We MUST get ahead of this trend. Please dig deeper to help us overcome this persistent shortfall (which we have been experiencing since September). Personally, I have increased my monthly electronic giving by $50. I encourage all of you who can do so to increase your weekly or monthly offertory in like fashion. Similarly, I highly encourage you to sign-up for electronic giving because it takes the pressure off you to remember to write weekly or monthly checks, and it insures that your parish receives your offering even if you are away for a given weekend. It’s easy to do. Check the parish app on your phone or the instructions in the bulletin. Or call the parish office and we can walk you through setting up your periodic electronic contributions.
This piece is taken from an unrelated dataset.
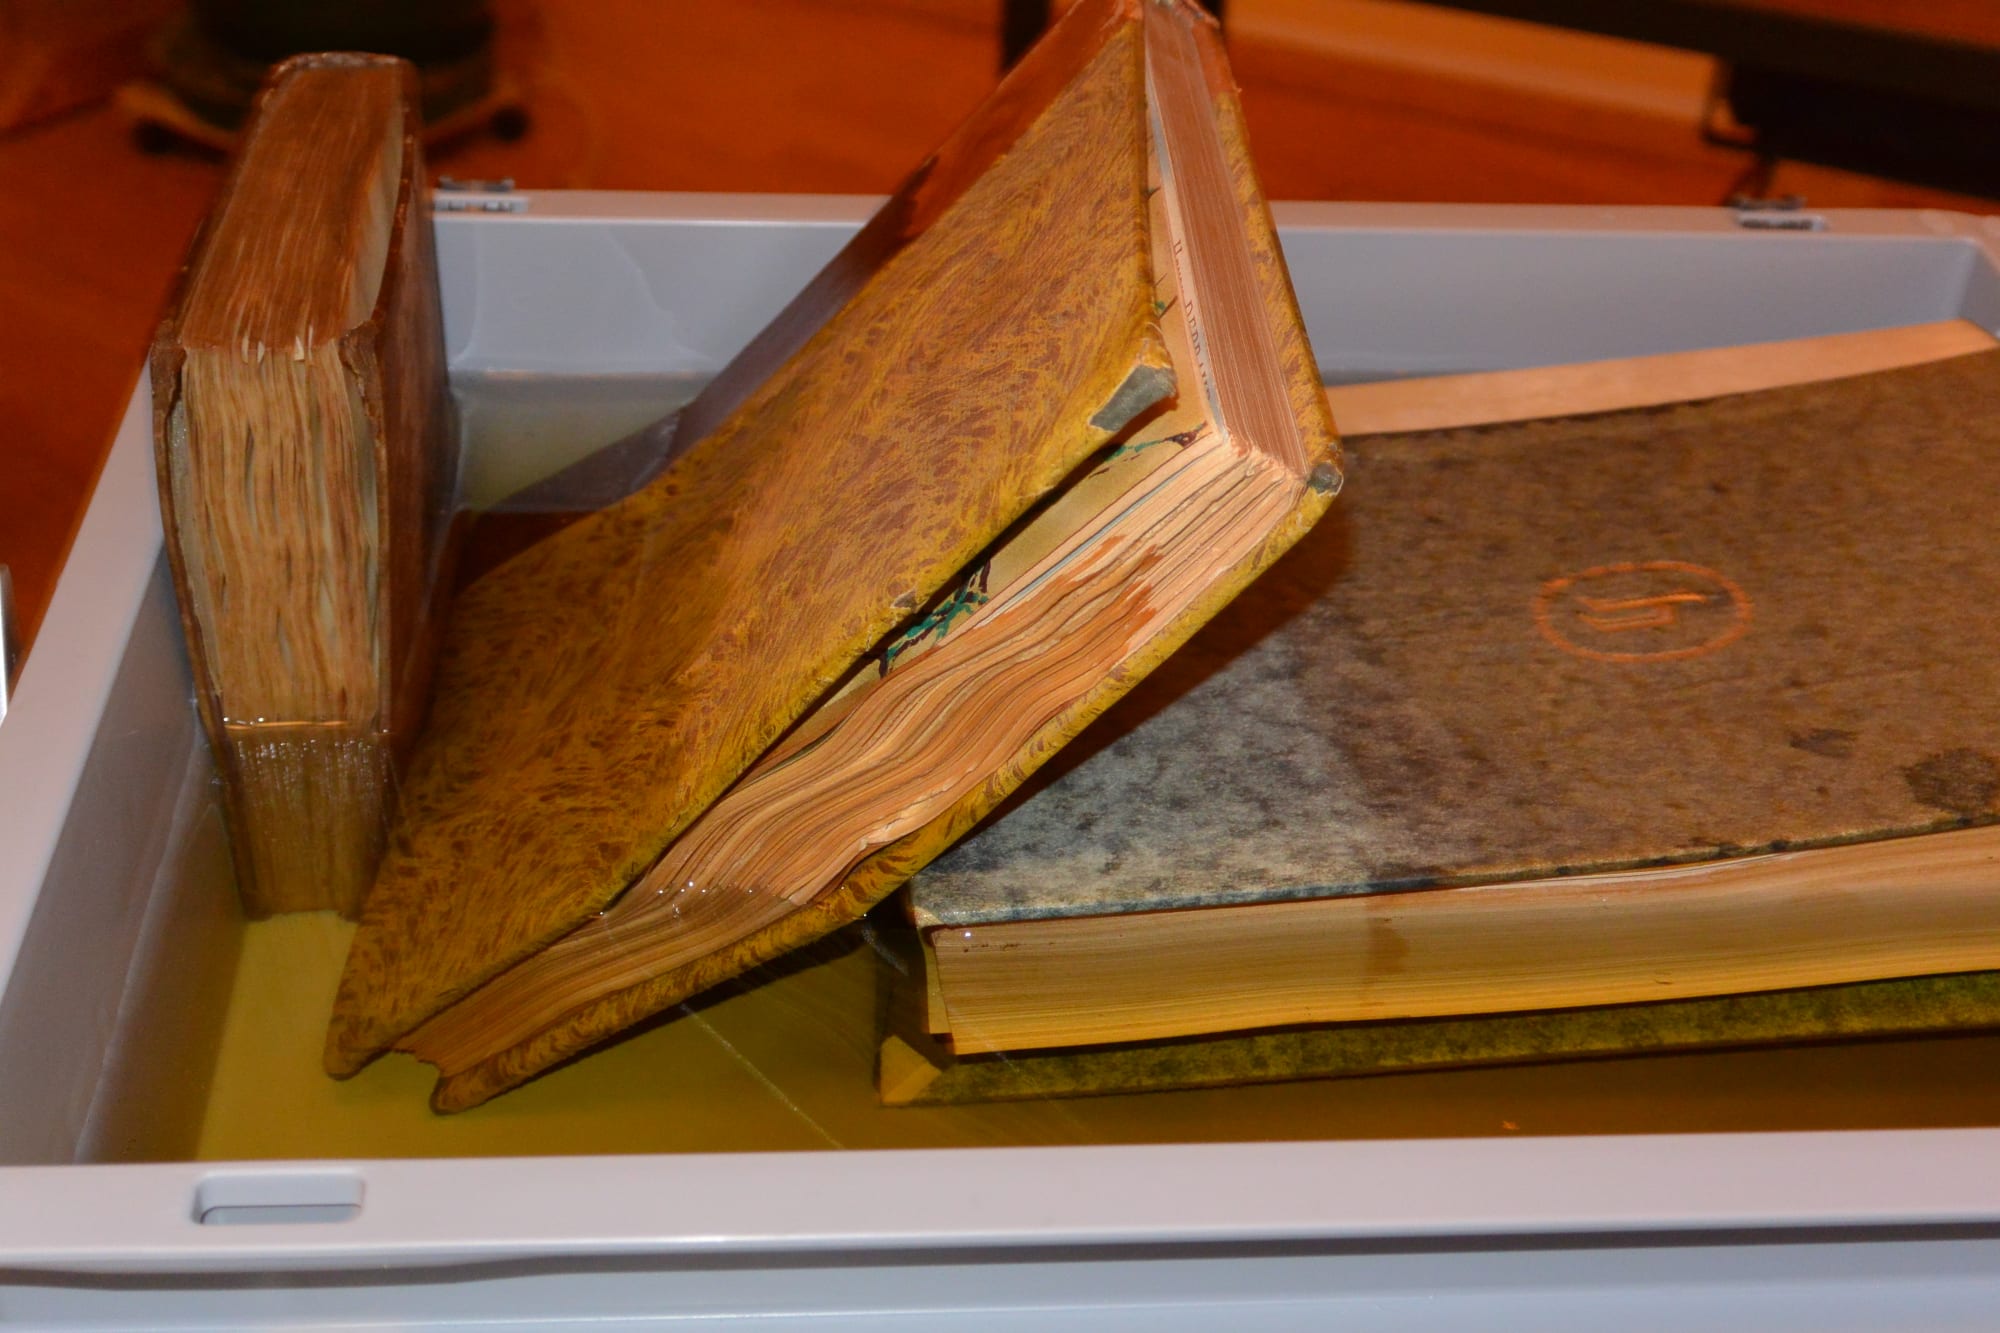 Books with half leather bindings in a bain-marie.

This is important, especially this year, because Christmas falls on a weekend. Every pastor dreads this calendar event because people tend to make only one gift to their parish for both the usual Sunday and for Christmas. Thus, the financial “bump” we anticipate at Christmastime always falls short on such occasions. Please, make both your usual Sunday offering, and make an additional offering for the Christmas envelope as well. I know that I can count on you to do both. The parish counts on the holiday offering to keep us in the black. And your consistent regular weekly offering as well.
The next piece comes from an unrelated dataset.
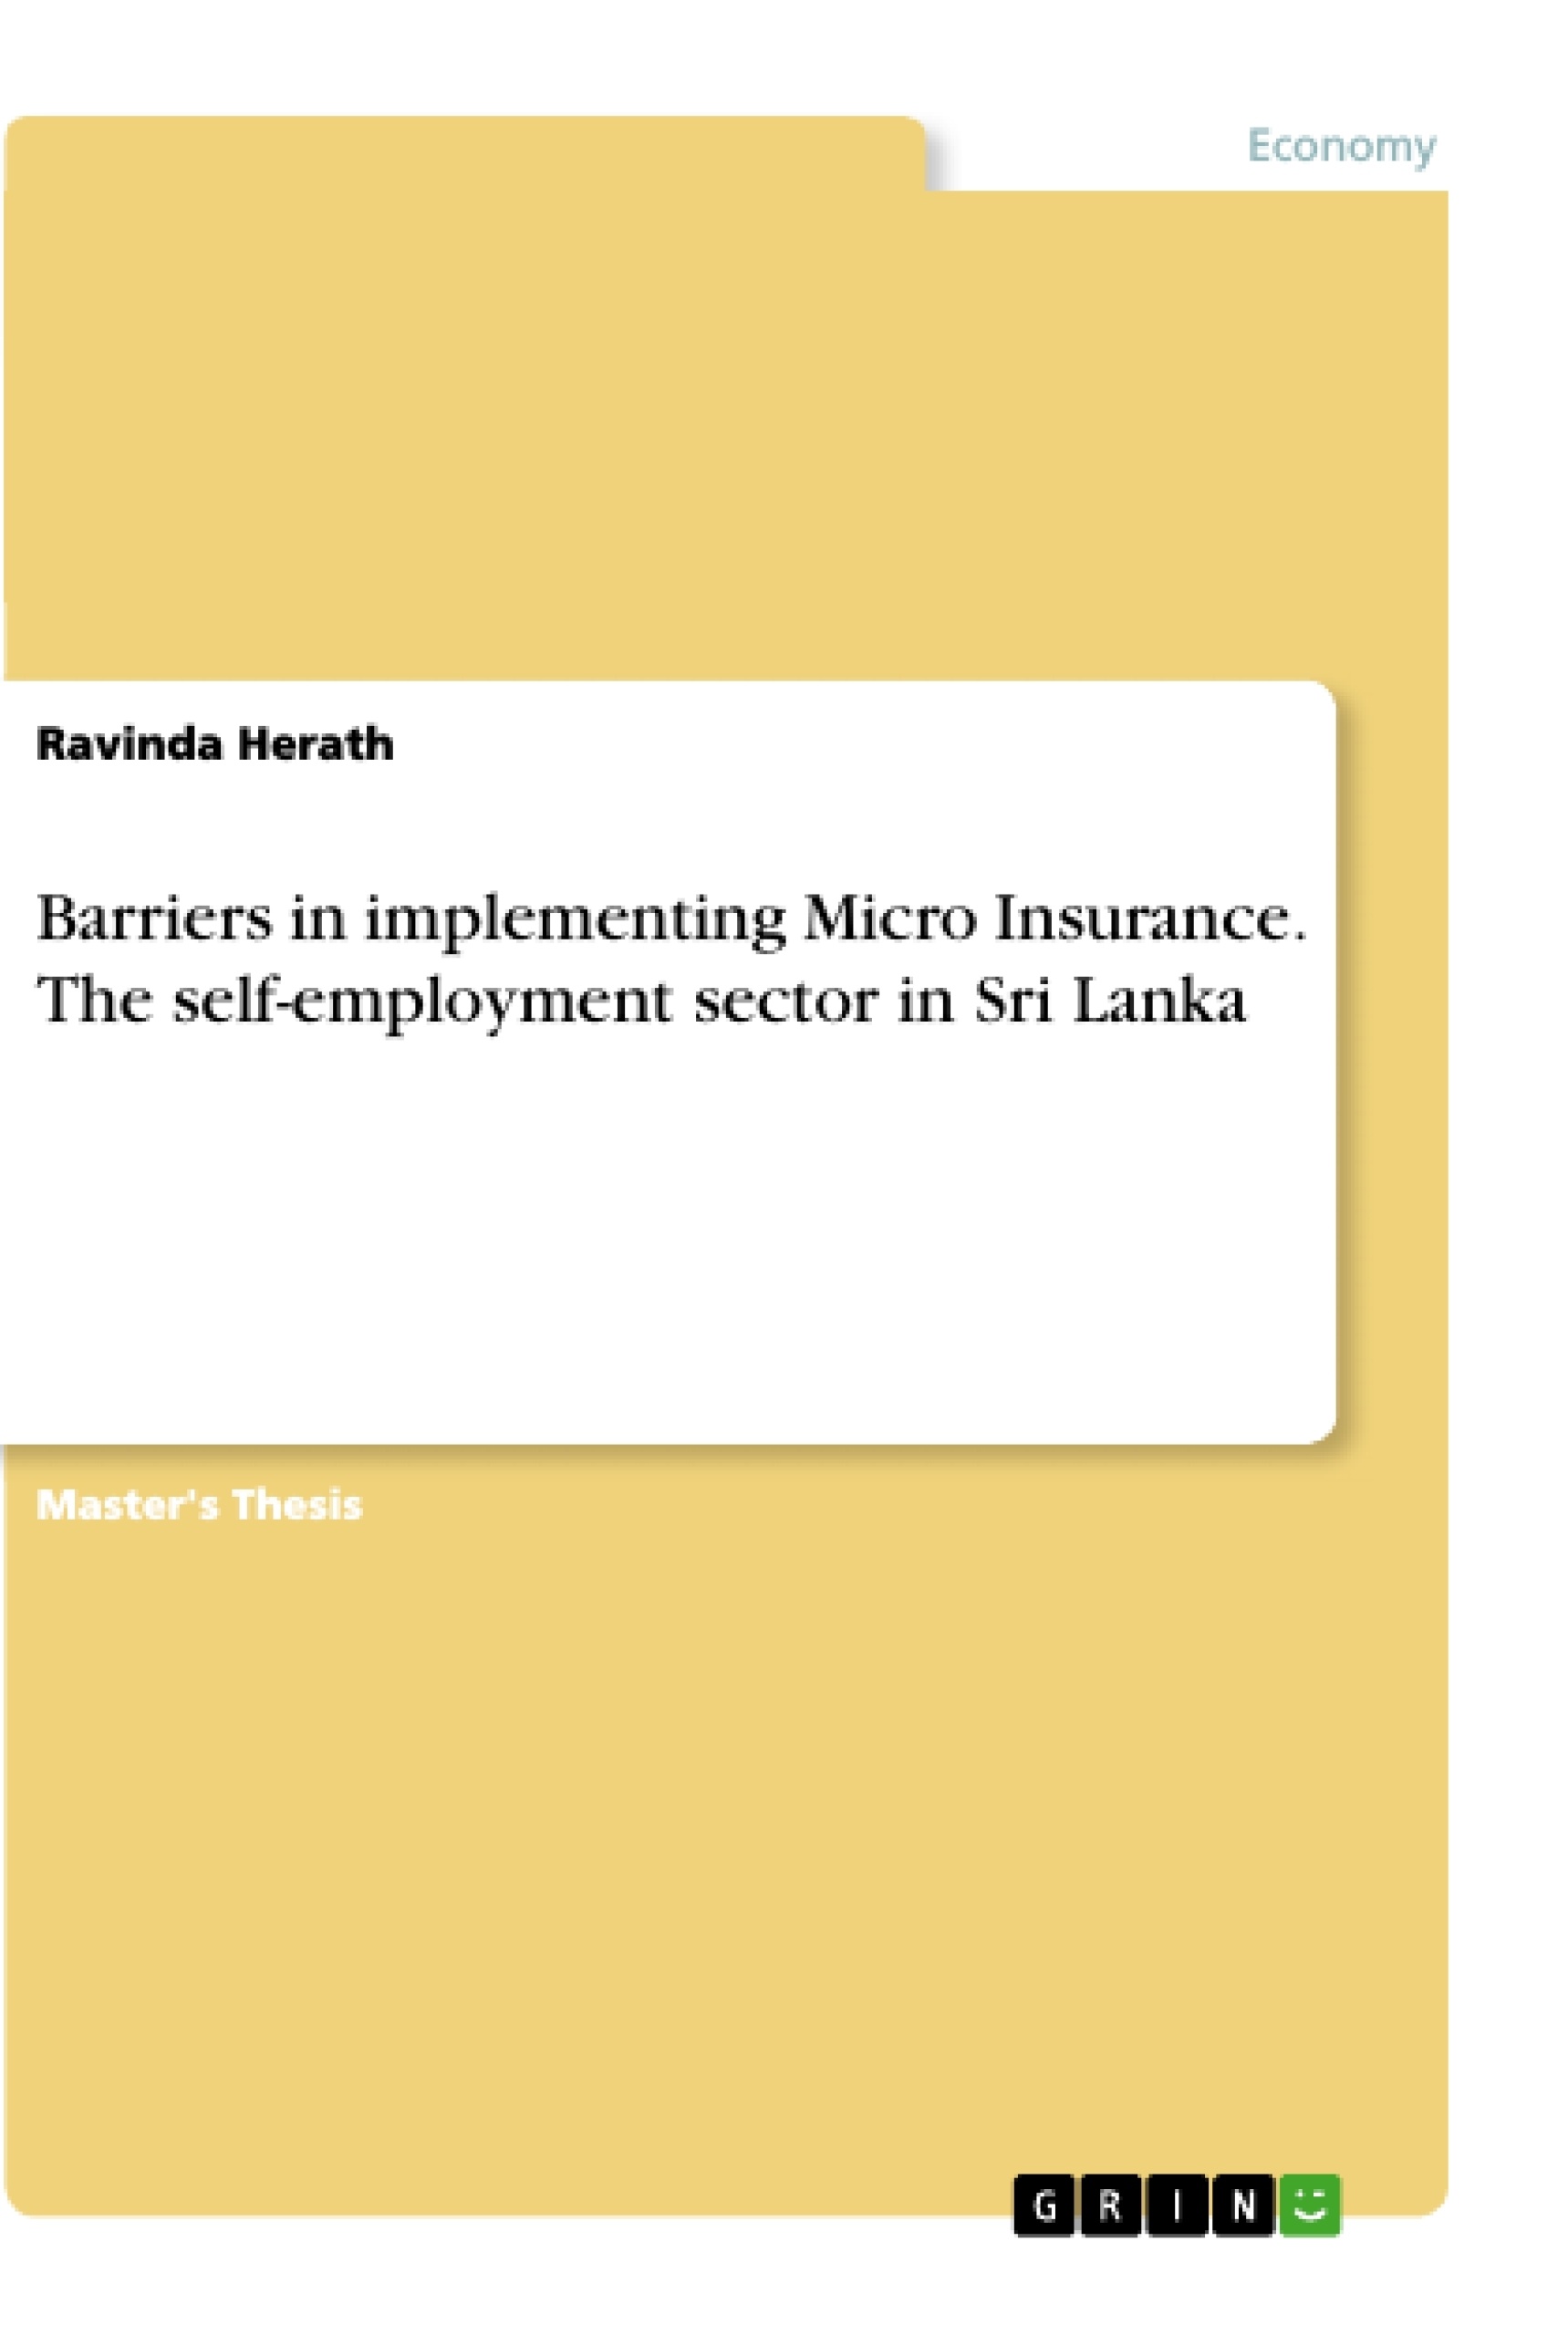 Title: Barriers in implementing Micro Insurance. The self-employment sector in Sri Lanka

On a positive note, we are doing quite well in completing our individual commitments to the 2016 Archbishop’s Annual Appeal. Please honor your pledges through the end of December, and remember that all pledges for 2016 must be received by the processing company in Minnesota by January 11, 2017.
Our Lady of Guadalupe Celebrations are coming up in two weeks. She is the primary patron saint of both North and South America. All our parish celebrations are bilingual. Since many of us are not familiar with her apparitions in Mexico several hundred years ago, this weekend celebration (December 10th – 12th) is a perfect opportunity to know more about Our Lady and to prepare ourselves in Advent for the celebration of Jesus’ birth. The festivities are unique and beautiful. You will be impressed and moved by the devotion of our Masses, native dances and the apparition play, not to mention the talks that will be offered in both languages by our visiting priest, Fr. Michael Saloma. See elsewhere in this bulletin for the full schedule of events of the three-day celebration. I’ll be there and hope to see very many of my fellow “Anglo” parishioners as well since this holiday is not just for our Mexican brethren, but for ALL of us.
Chrismon Trees have been set up in the main church since you were here last weekend. “Chrismon” means “Christ monogram.” The decorations on the several trees were made by our K-5th grade Faith Formation students over the past week. They took some home for their family Christmas trees and made others to decorate the trees in our church. Chrismon Trees are a Methodist tradition that our students are experiencing in the spirit of ecumenism (joining other Christians in their Advent observances) as our Holy Father Francis has asked us to do in these tumultuous global times. The symbols are all related to the Holy Trinity and to Church worship: various crosses, doves, chalices, and the Chi Rho symbol of a “P” imposed over an “X” (the first two letters of “Jesus Christ” in the Greek alphabet), and the symbol used by us to denote St. Pius X. The trees will decorate our church during Advent, and will, on Christmas Eve, be decorated with more traditional items as has been our custom here at SPX for many years.
No Shave November is over. Some men might choose to keep their “winter coat” a bit longer, but for those who found the itching so irritating, we are free to shave again. Thanks, guys, for joining me to bring attention to the need for all men to have regular prostate exams so that guys can make early detection of that #1 cancer killer in males of many ages.
In closing, know that I pray for all of you every day. I pray God’s infinitely merciful blessings on each of you and wish you a serene and holy Advent. Let all of us open our hearts to God’s love for us this Advent that we may be ready for Jesus’ Second Coming.